I’ve been thinking about this post for quite a long time.  When I first imagined it,  it was a long list filled with the important relationship advice I feel compelled to share with everyone after traveling around the world for more than a year with my husband. I apparently thought I was an expert on the subject because I spent the majority of our 396 days on the road within a 10-foot radius of him and we’re still married.

love and relationship lessons, tips on a relationship

Love on the rocks. We pose on the Great Wall in China.

But life has a way of showing me how little I really know.

More recently, I whittled these tips down to two lessons I had learned, and thought were generally applicable to most couples. The first of these:  “Don’t criticize the other person’s driving (and maybe just don’t criticize the other person).”

But who knows! Maybe your boyfriend has horrible road rage and could use a little driver’s ed. Relationships are very specific to the people in them.

So this grand list I had in mind really just boils down to one great lesson I know to be true:

Sometimes I’M the jackass. 

Do you remember last post where I discussed the omnipresent jackass? There really is always a jackass and sometimes it’s me. I know this shouldn’t be a relationship saving revelation but I think it might be.

You’d think I would have already firmly grasped the existence of my inner jackass growing up in a family of four children.

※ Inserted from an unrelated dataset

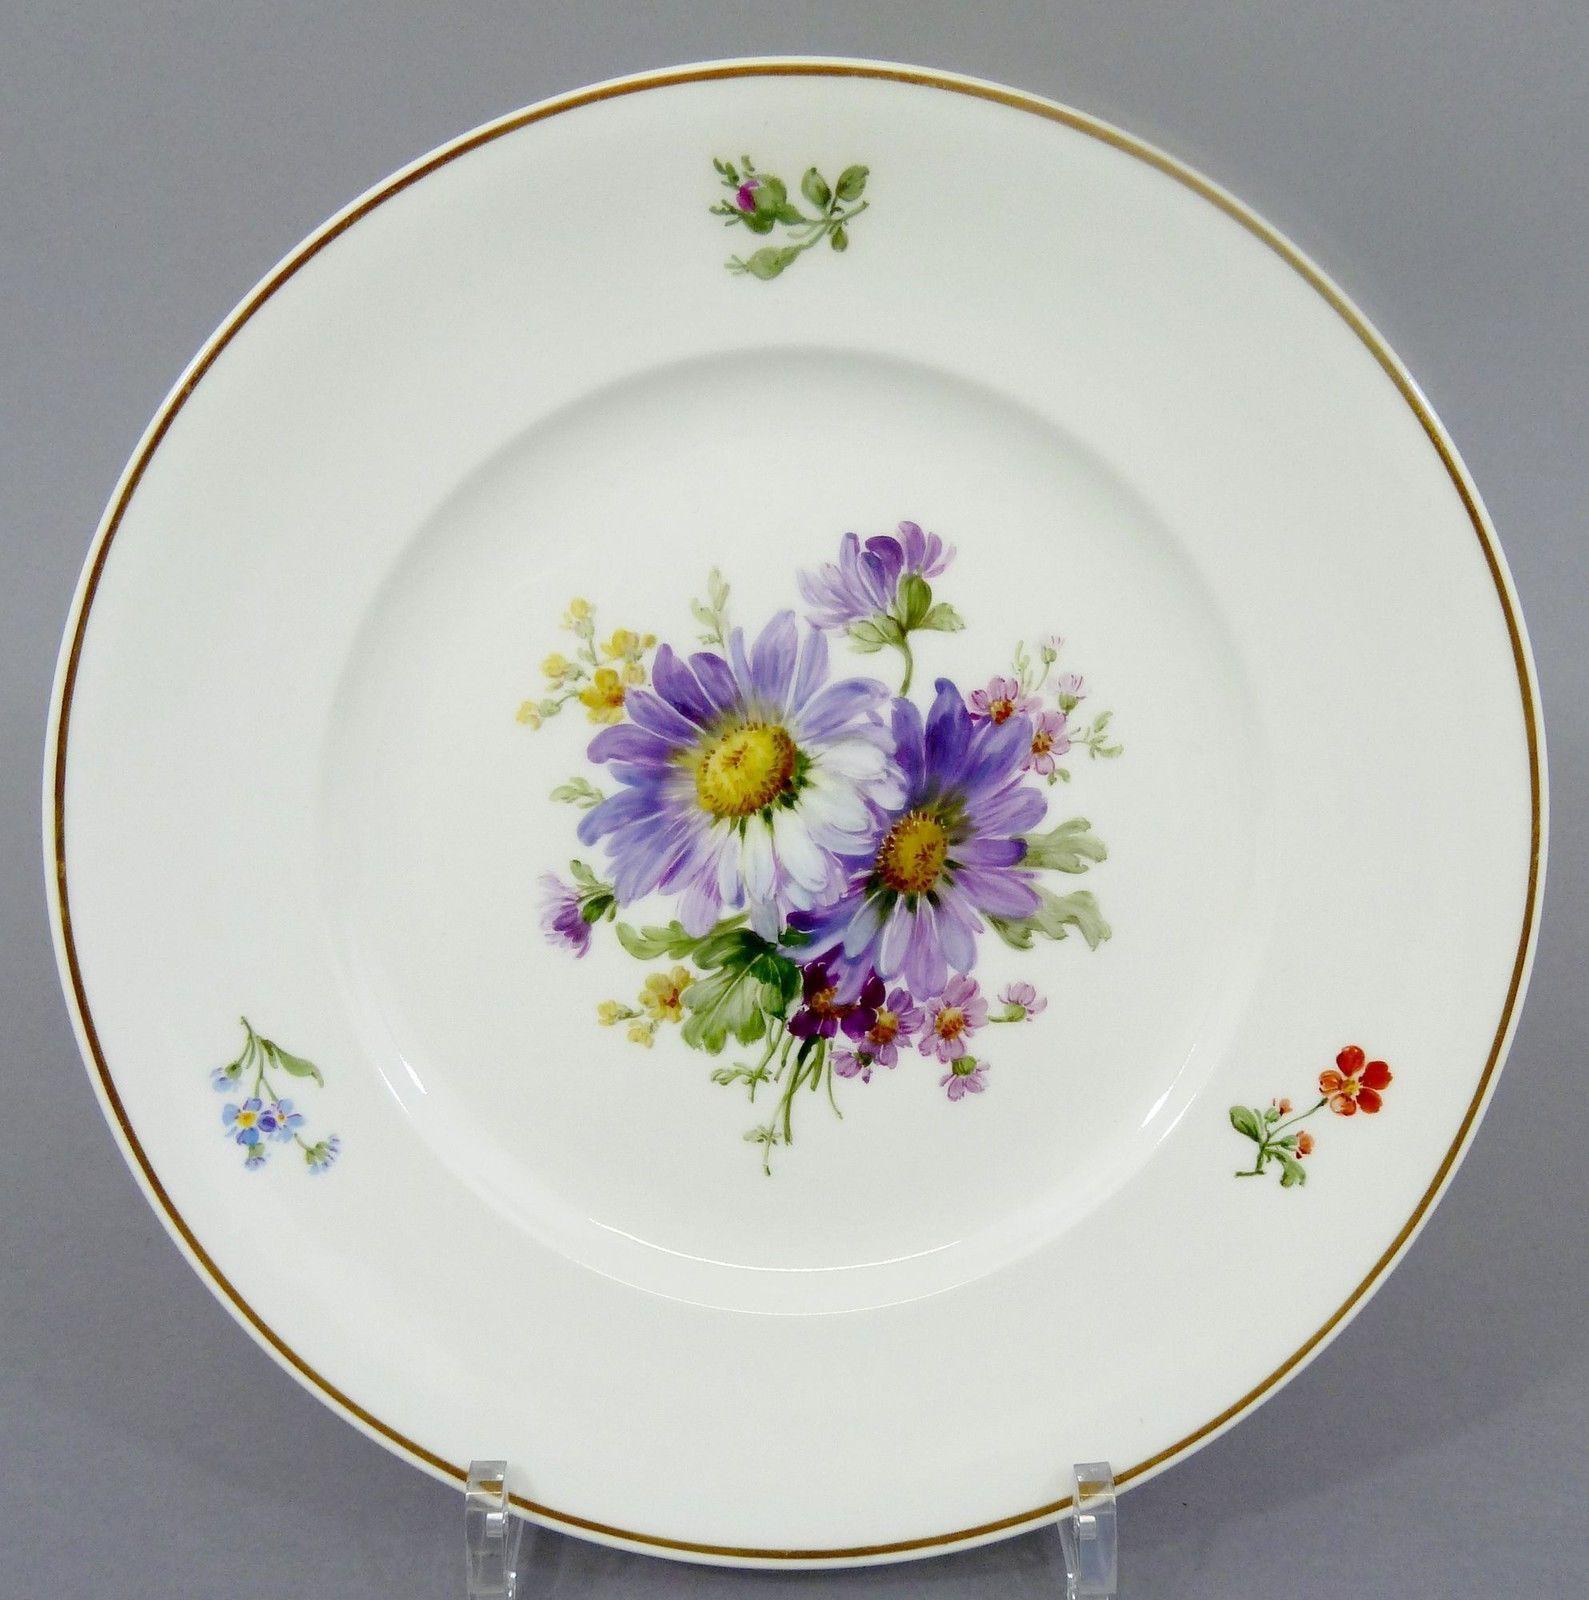 KPM Berlin Teller mit bunter Blumenmalerei, um 1900, D= 24,5cm #4 in Antiquitäten & Kunst, Porzellan & Keramik, Porzellan   eBay

My sister’s favorite retort, “Get off your high horse,” still echos in my head. Still I had never been able to translate that tip to my marriage.

There’s nothing like roaming around random foreign cities (sometimes in the middle of the night) lost and screaming at each other to encourage a little self-reflection. “What role did I play in getting us to this point?”

What role did I play? I push too hard often at the worst of times (Oslo). My brutal honesty can do more damage than most people’s lies (Sydney). Way too often I think I know what’s bothering you (Rio) and think I have all the answers for making it better (Berlin).

Too often in our closest relationships we get so hell-bent in convincing the other person we’re right, we forget to look at all the ways that we’re wrong.

The solution? As in other jackass related situations, expect the jackass. Identify the jackass.  (Apologize if I’m the jackass). Move on (trying not to do it again)…

So that’s it. That’s my contribution to the stacks of self-help, relationship jewels out there.

Sometimes I’m the jackass and sometimes it could be you.